The present invention is concerned with improving the adhesion between a dielectric substrate and the heat sink or heat spreader attached to the substrate. More particularly, the present invention is concerned with electronic packages that have a heat sink or spreader as one of its components. In addition, the electronic packages include an electronic component such as a semiconductor chip. According to the present invention, the adhesive bond between the heat sink or spreader and dielectric substrate upon which the heat sink or spreader is located is greatly enhanced.
Integrated circuit chips are continually being fabricated with higher circuit densities and smaller geometries. The amount of power consumed employing these integrated circuit chips exhibiting increased circuit density also is increased, thereby increasing the amount of heat generated. This in turn places greater demands upon the efficiency of heat removal generated during package operation in order to assure that the operating parameters of these devices are maintained within specific tolerances to thereby prevent damage to the package from overheating.

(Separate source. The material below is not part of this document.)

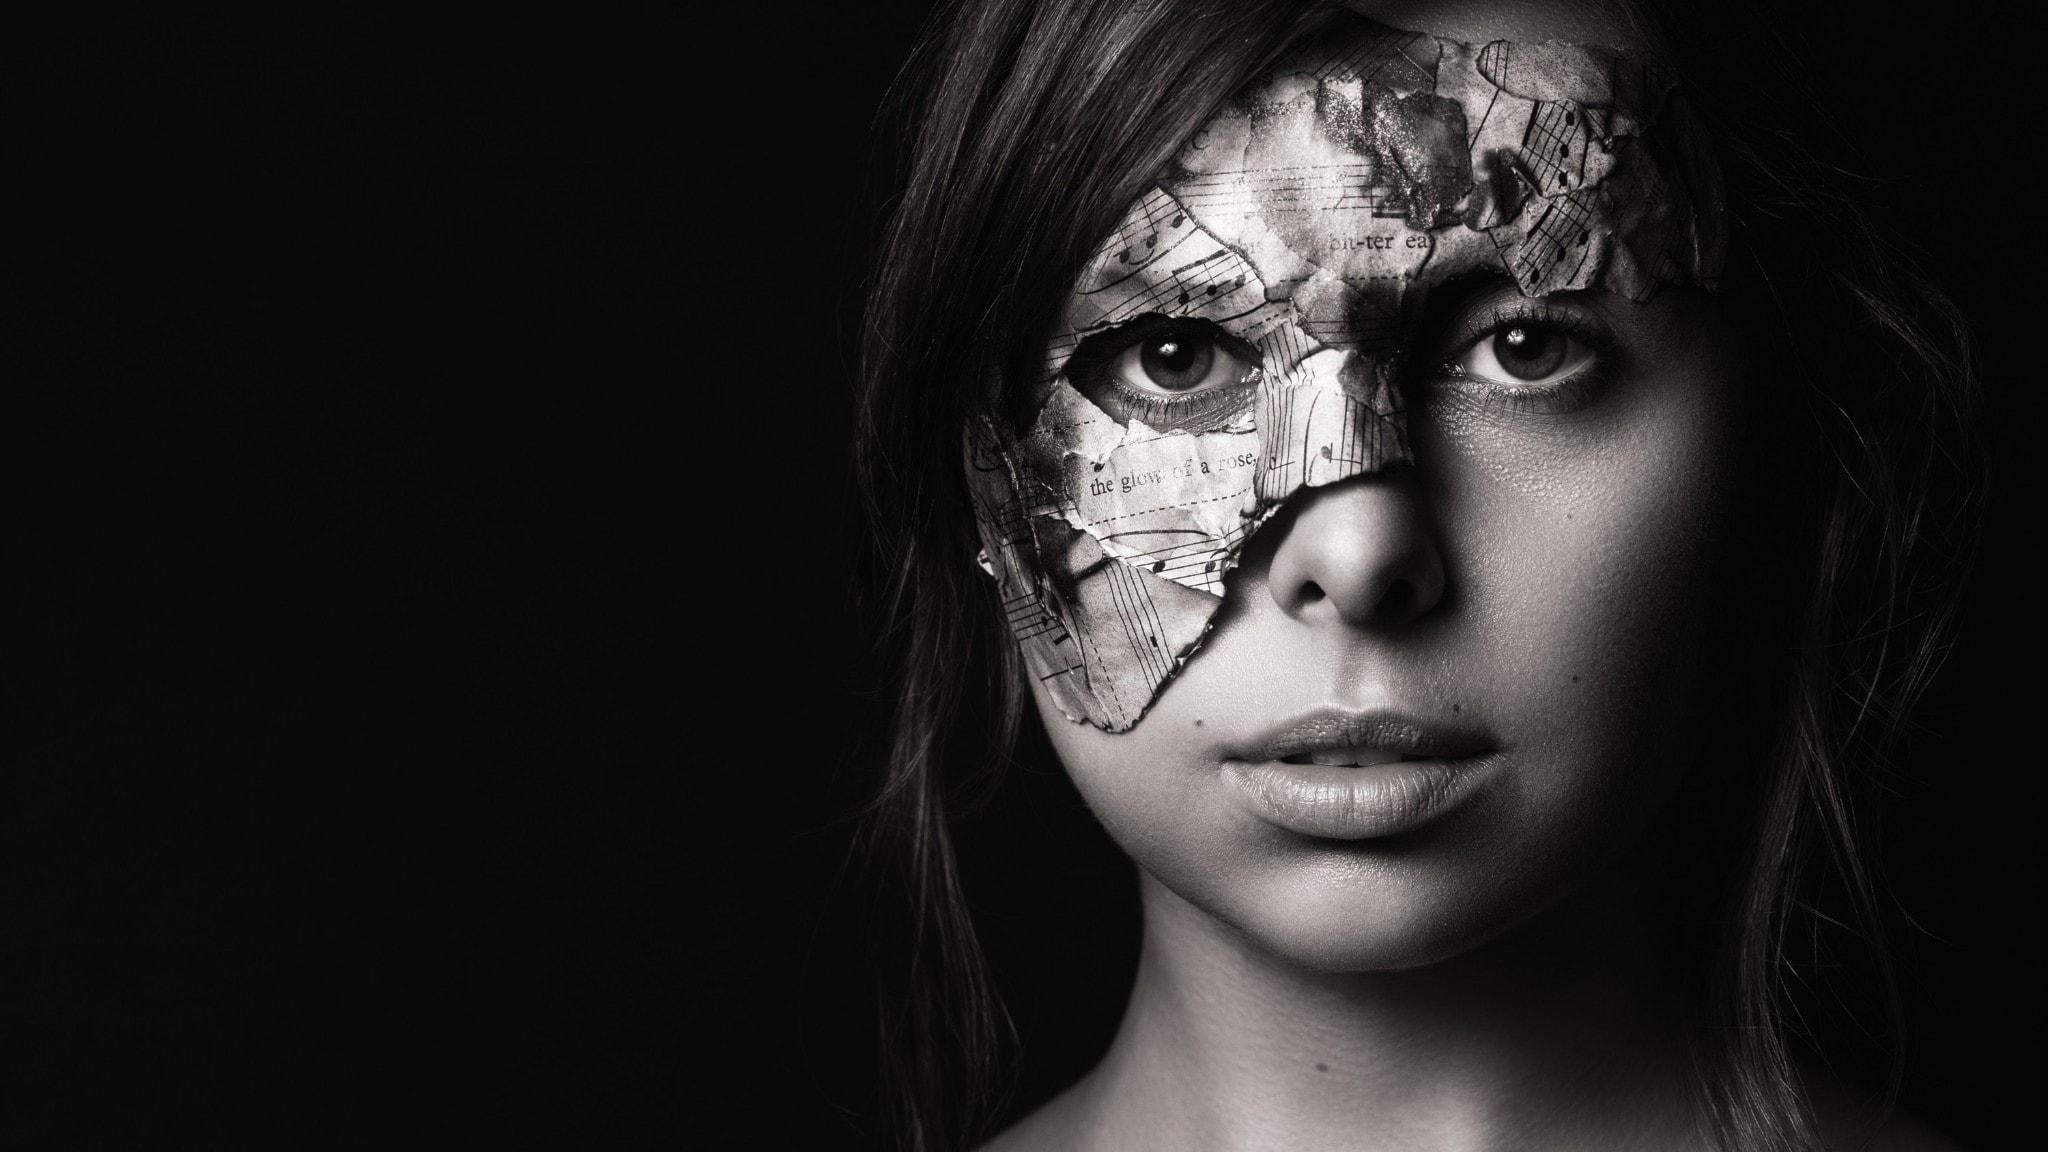 Amerikanska sångerskan Veronica Swift på en svartvit bild. Hon har en glänsande mask på ena halvan av ansiktet. Foto: Matt Baker.

One well known means for providing heat removal is to utilize a metal or ceramic heat sink or more typically referred to as a heat spreader as used hereinafter. The heat spreader, in many instances, has been connected to the integrated circuit components by employing an adhesive to directly bond to the organic or ceramic surfaces of the electronic components. One of the more common adhesive materials employed have been the epoxy based materials. However, the heat spreader material (e.g. copper, nickel-coated copper, aluminum, anodized aluminum, chromium on aluminum) does not adequately adhere to epoxy and difficulties exist in maintaining the bond during thermal cycling. In order to reduce delamination problems, it has been suggested to increase the thermal conduction of the epoxy by incorporating a thermoconductive metal or ceramic particle in the epoxy to thereby increase its CTE (coefficient of thermal expansion) to bring it more in line with that of the material of the heat spreader. Nevertheless, room for improvement still exists with respect to the bond between the heat spreader and epoxy material.

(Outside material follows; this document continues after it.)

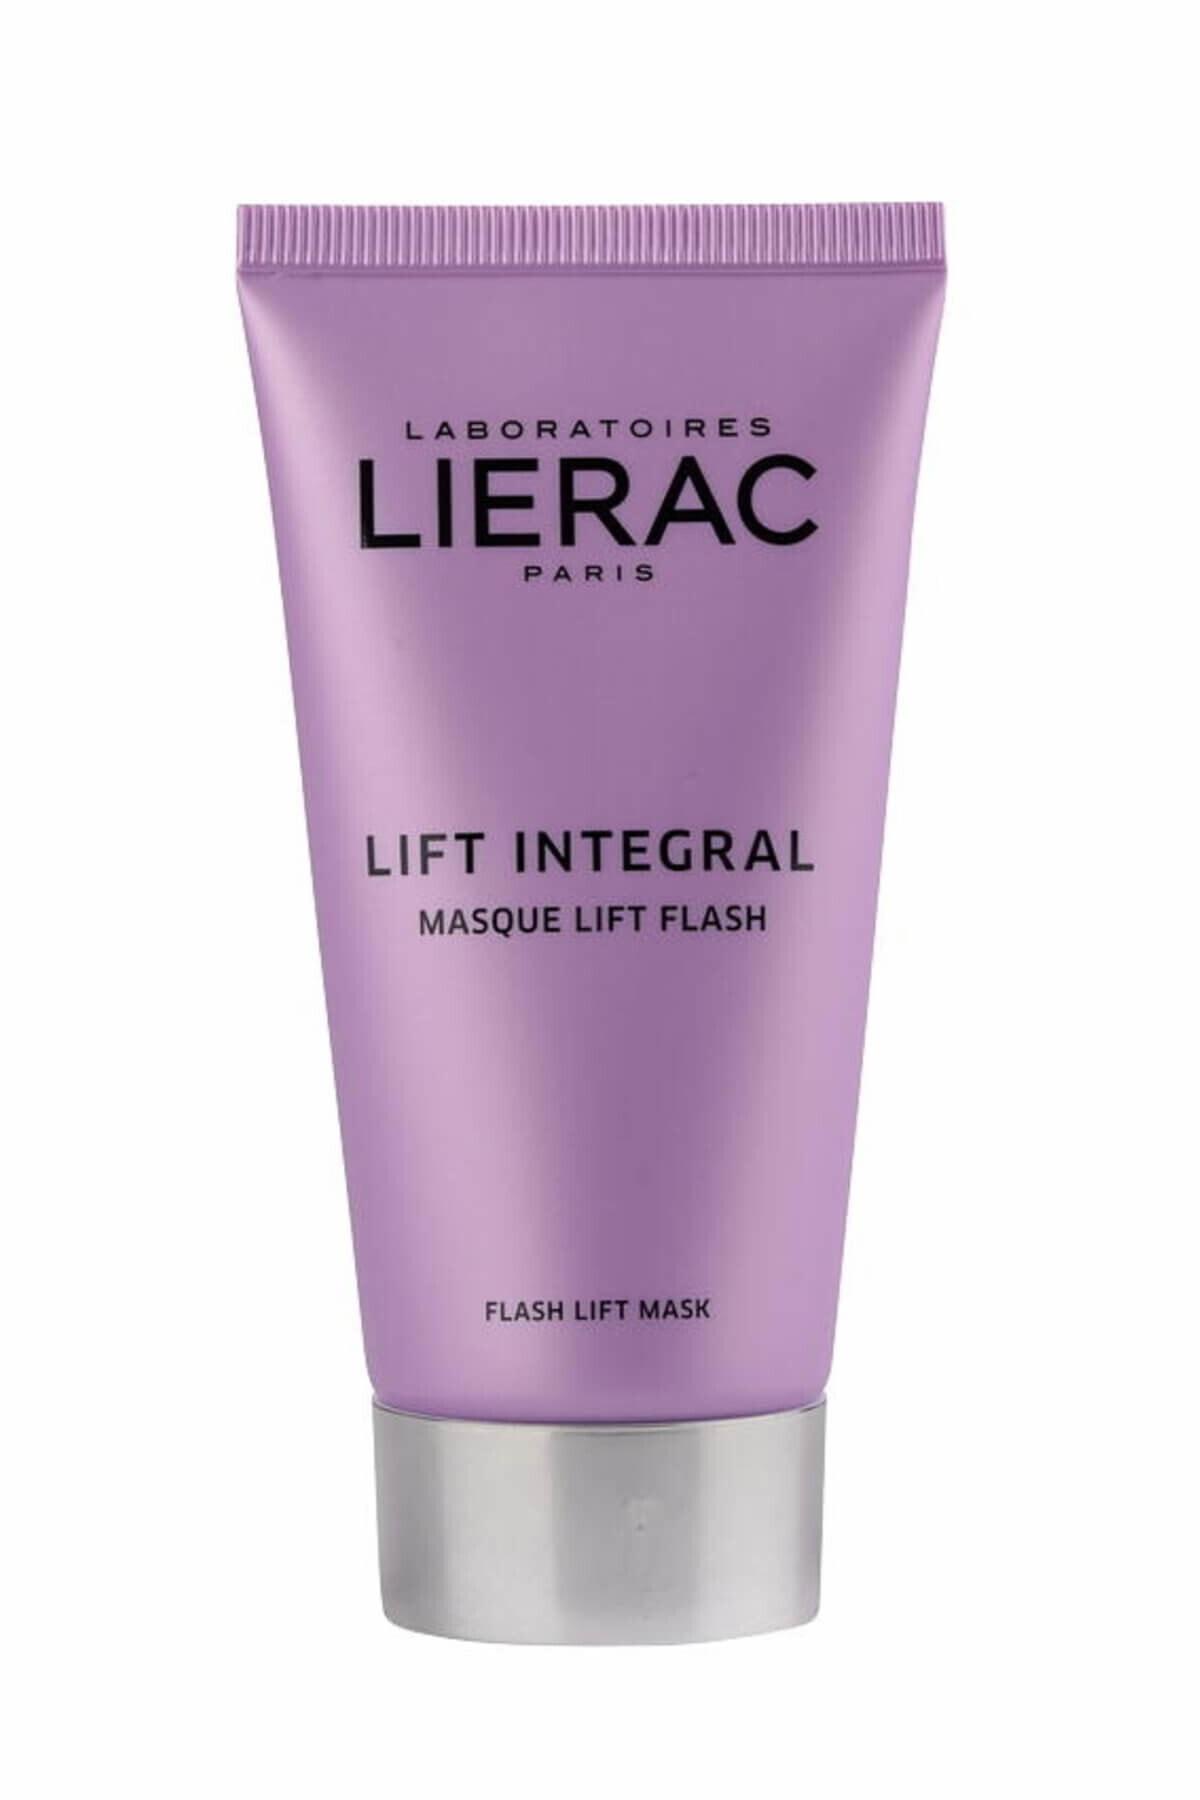 Lierac Sıkılaştırıcı Maske - Lift Integal Flash Lift Mask 75 ml 3508240002336 1

In addition, attempts to use silicon adhesives for such purposes have been carried out, but such adhesives exhibit bond strengths with the heat spreader that is only about ⅓ to about xc2xd the strength of the epoxy materials. Moreover, constituents of silicon adhesives have a tendency to migrate out thereby contaminating surfaces with a microthin coating which prevents subsequent attachment of other organic materials to the circuit boards such as photoresists, solder resists, and encapsulents. Furthermore, contamination is especially a problem for reworking components because heating the silicon during rework greatly increases the contamination and prevents any subsequent encapsulation or other non-silicon processes on the circuit board that may be required for rework.
In view of the foregoing discussion, it would be desirable to improve the adhesion between the heat spreader and adhesive that contacts the electronic components of the package in order to provide increased resistance to delamination and package cracking, while also assuring adequate thermal transport capability.

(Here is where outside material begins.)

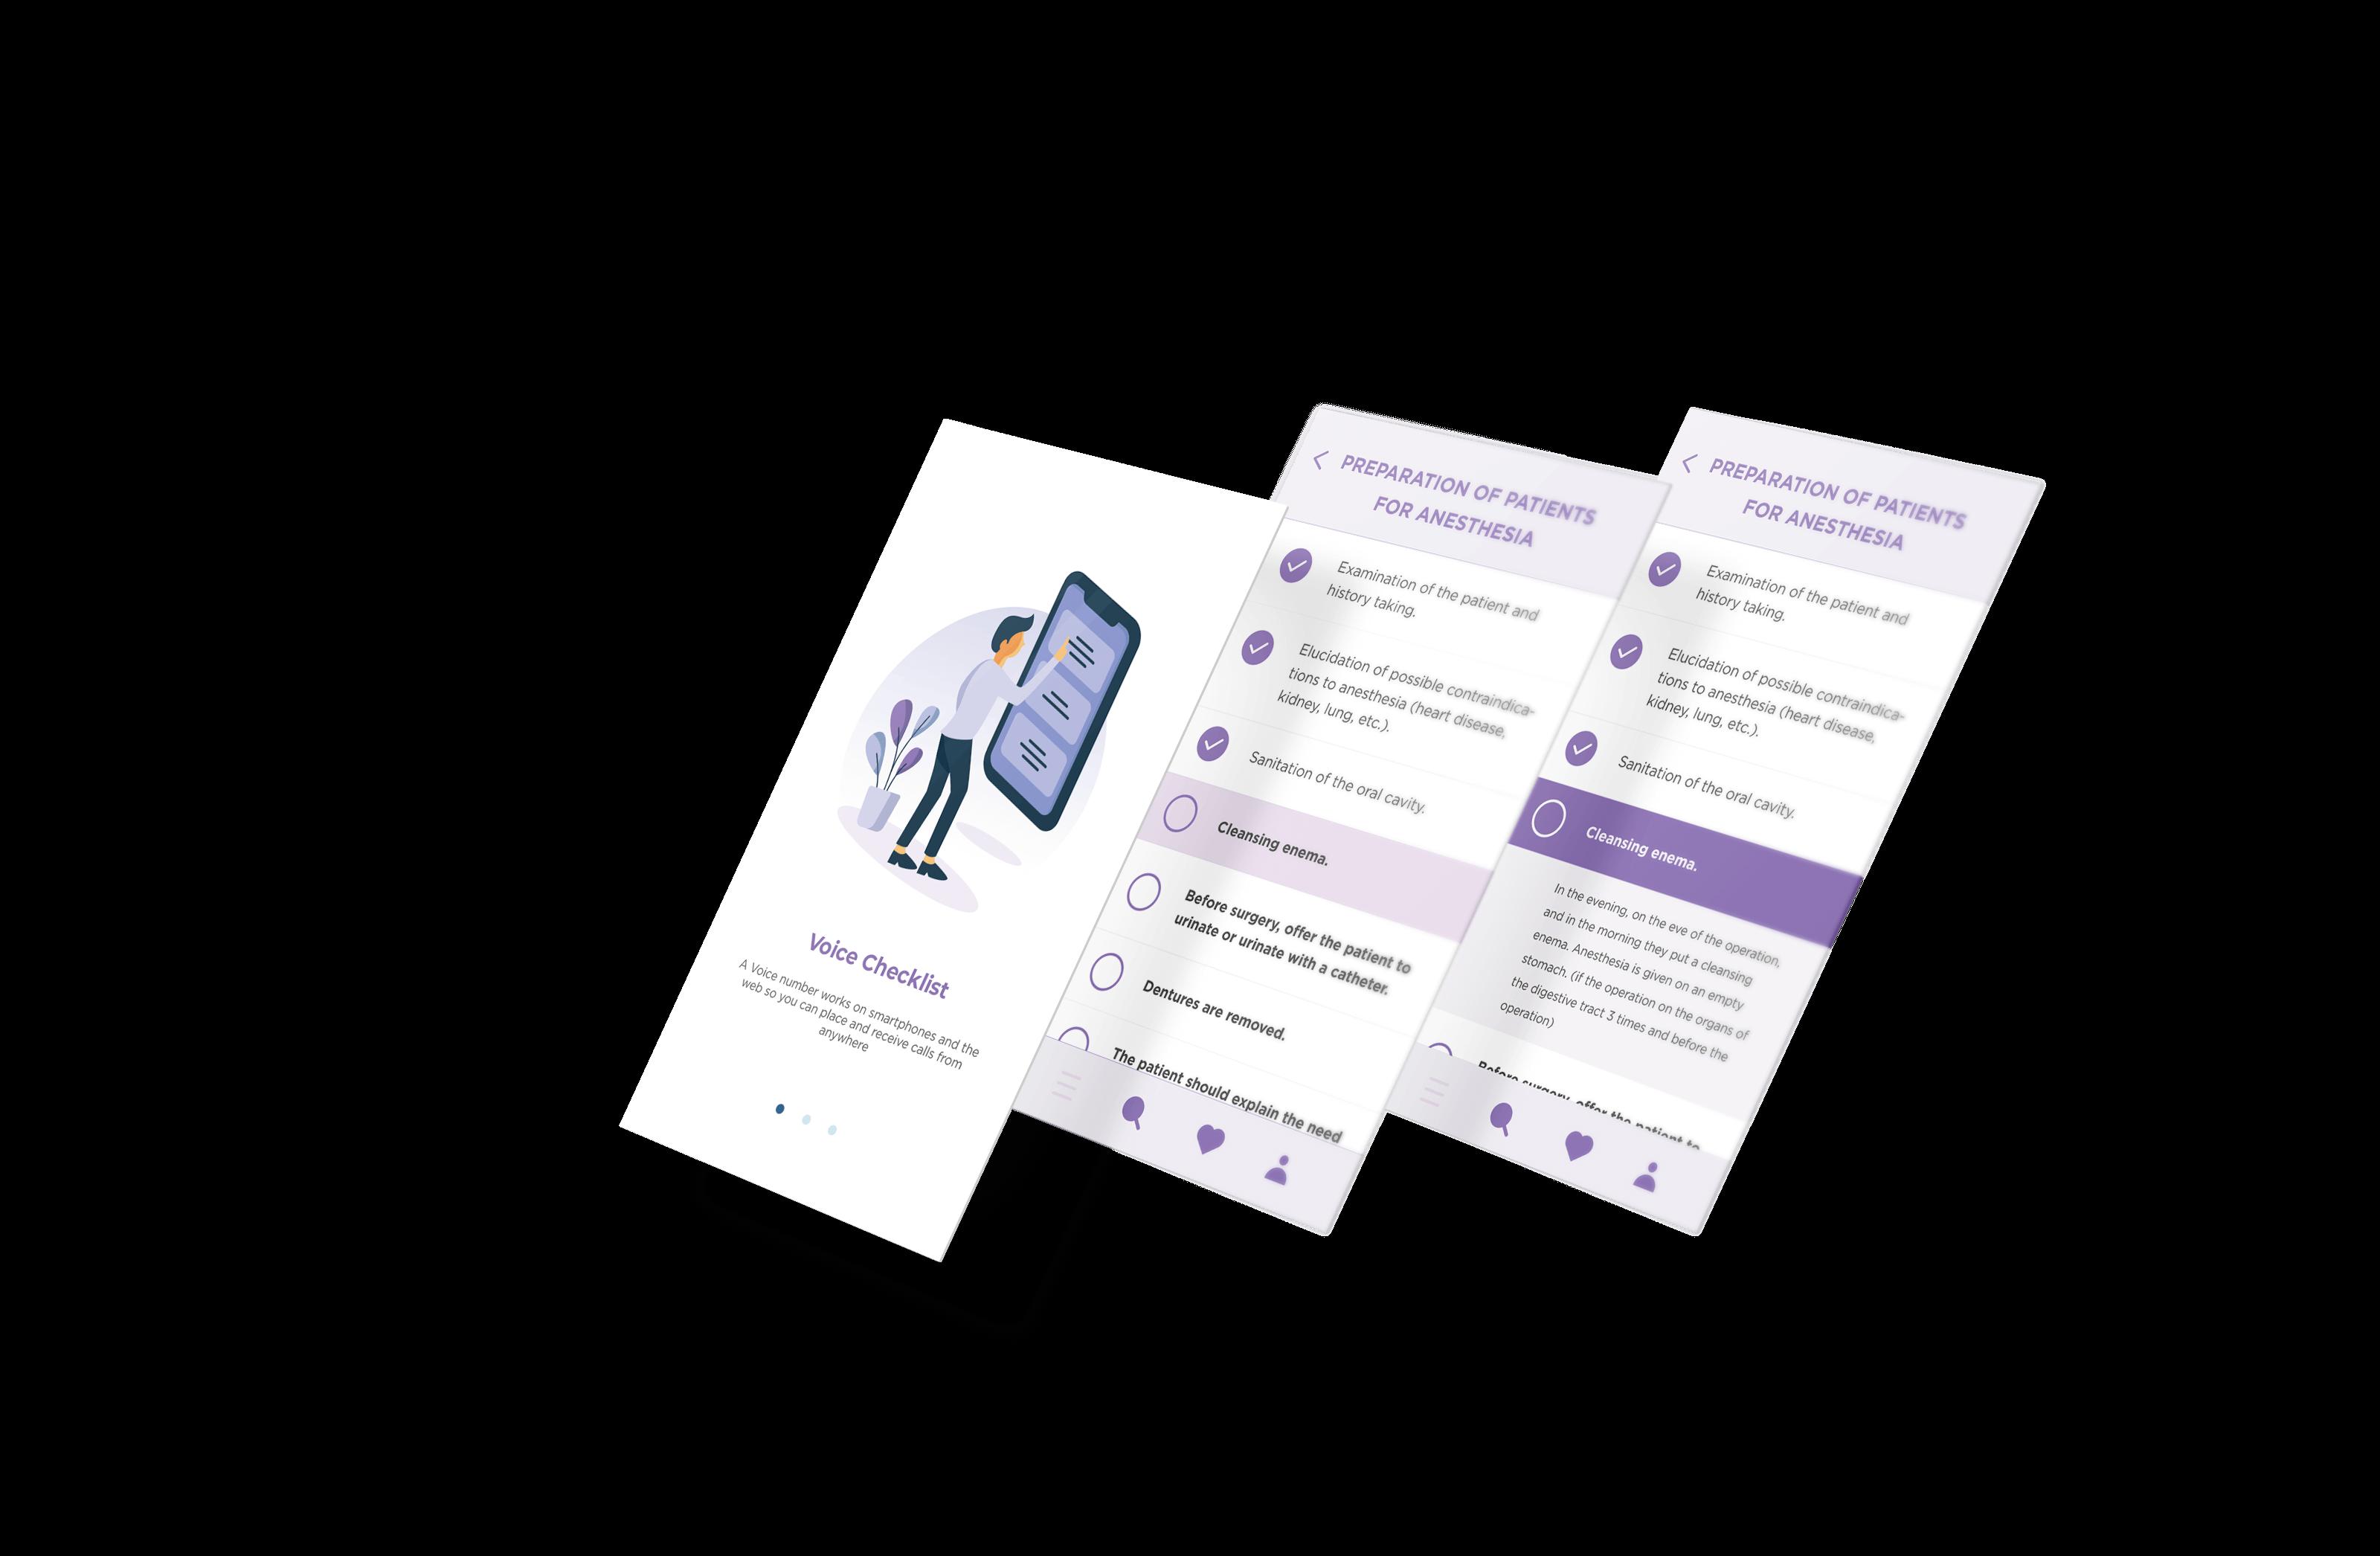 Voice Recognition Checklist App

It would also be desirable to provide a process that achieves improved adhesion that is more efficient and easier to carry out than the processes now commonly practiced.
The present invention is concerned with an article that comprises a dielectric substrate and a heat spreader located adjacent the substrate. The heat spreader is typically metallic. In order to improve the adhesion between the dielectric substrate and the heat spreader, a layer of a codeposited ZnCr is provided intermediate the dielectric substrate and the heat spreader. In addition, the present invention is concerned with electronic packages that include an integrated circuit chip surrounded by a dielectric, a heat spreader located adjacent the dielectric substrate and a layer of codeposited ZnCr intermediate the dielectric substrate and the heat spreader.
The present invention is also concerned with the process for fabricating the above-defined article. In particular, the process of the present invention involves providing a layer of a codeposited ZnCr on at least one major surface of a heat spreader, and then laminating the heat spreader to a dielectric substrate. By adhering the heat spreader to the dielectric prior to such steps as positioning of the integrated circuit chip on the circuit board, delamination is prevented during subsequent processing steps because of the enhanced adhesion achieved by the present invention. Subsequent processing steps typically include baking, die attaching, post heating, ball grid array attaching and masking. Such processing steps subject the structure to relatively high temperatures which, without the tenacious bond formed according to the present invention, could result in separation or delamination of the heat spreader from the dielectric.
Still other objects and advantages of the present invention will become apparent by those skilled in the art from the following description, wherein it is shown and described only the preferred embodiments of the present invention, simply by illustration of the best mode contemplated of carrying out the invention. As will be realized, the invention is capable of other and different embodiments, and its several details are capable of modifications in various obvious respects, without departing from the invention. Accordingly, the drawings and description are to be regarded as illustrative in nature and not as restrictive.